したがって、第1の実施形態のパターン欠陥検査方法によれば、パターンの欠陥を迅速かつ適切に検査できる。
(第2の実施形態)
次に、第2の実施形態として、図形の密集度を用いて使用AUを決定する実施形態について説明する。なお、第2の実施形態において、第1の実施形態に対応する構成部については、同一の符号を用いて重複した説明を省略する。図5は、第2の実施形態のパターン欠陥検査システム1を示す図である。
図5に示すように、第2の実施形態のパターン欠陥検査装置100は、第1の実施形態に対して、再フラクチャリング回路300、実AU情報収集回路101、実AU最大公約数演算回路102および最大公約数閾値判定回路103が省略されている。また、第2の実施形態のパターン欠陥検査装置100は、第1の実施形態に対して、図形密度収集回路105が追加されている。
図形密集度収集回路105は、収集経路を通じて外部計算機200から設計データのうちマスク2の各領域におけるパターンの図形密度に相関するデータを収集する。図形密度は、パターンの密集度の一例である。図形密度は、例えば、領域における一定面積当たりのラインアンドスペースの本数であってもよい。また、領域は、パターン群203すなわちチップであってもよい。また、図形密度に相関するデータは、設計データのうち図形密度を算出できるデータであれば具体的な態様は限定されず、例えば、レイアウトデータやチップデータであってもよい。図形密集度収集回路105は、収集された図形密度に相関するデータに基づいて、各領域の図形密度を算出する。

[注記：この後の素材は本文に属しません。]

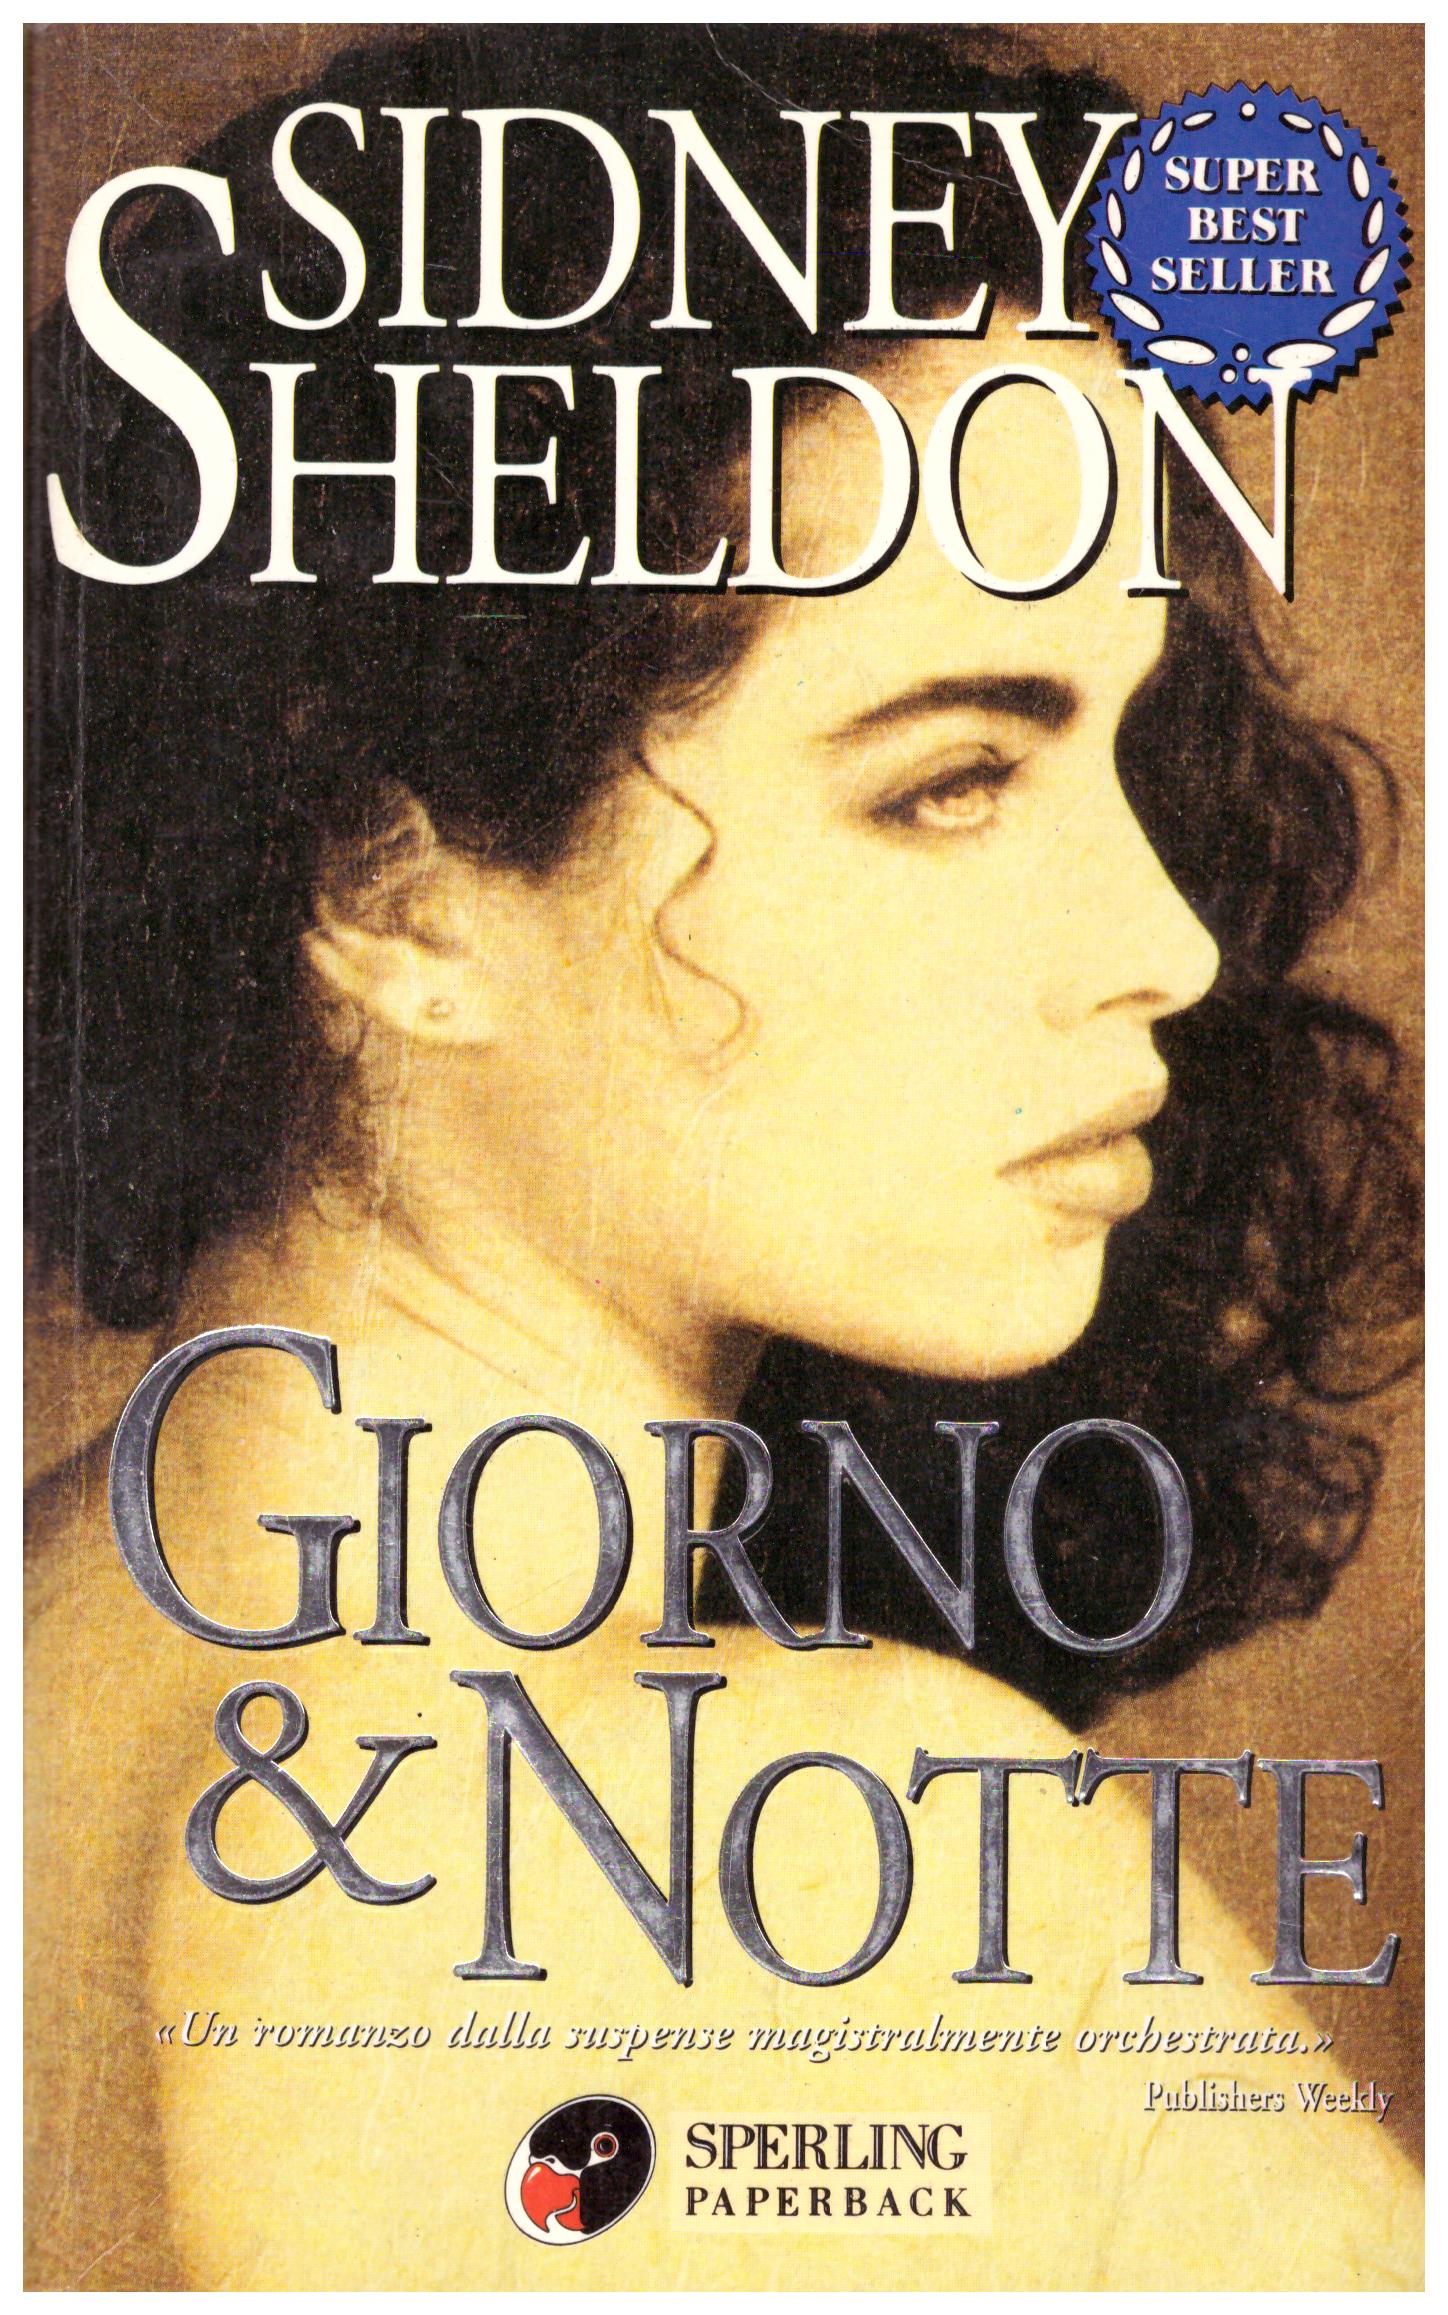 Titolo: Giorno e notte Autore: Sidney Sheldon Editore: Sperling paperback 1999

使用AU決定回路104は、各領域の図形密度に基づいて第4アドレスユニットの一例である使用AUを決定し、決定された使用AUを展開回路23に出力する。
図6は、第2の実施形態のパターン欠陥検査方法を示すフローチャートである。先ず、図6に示すように、制御計算機30は、収集経路を通じて外部計算機200から磁気ディスク装置31に設計データのうち図形密度に相関するデータを収集する。そして、図形密集度収集回路105は、収集された図形密度に相関するデータに基づいて各領域の図形密度を算出する(ステップS11)。
図形密度を算出した後、使用AU決定回路104は、各領域の図形密度に基づいて使用AUを決定する(ステップS12)。例えば、使用AU決定回路104は、図形密度が高い領域の使用AUを、図形密度が低い領域の使用AUよりも小さい値に決定する。
使用AUを決定した後は、第1の実施形態と同様に、順に、設計データの収集(ステップS13)と、決定された使用AUを用いたパターンの欠陥検査(ステップS14)とを行う。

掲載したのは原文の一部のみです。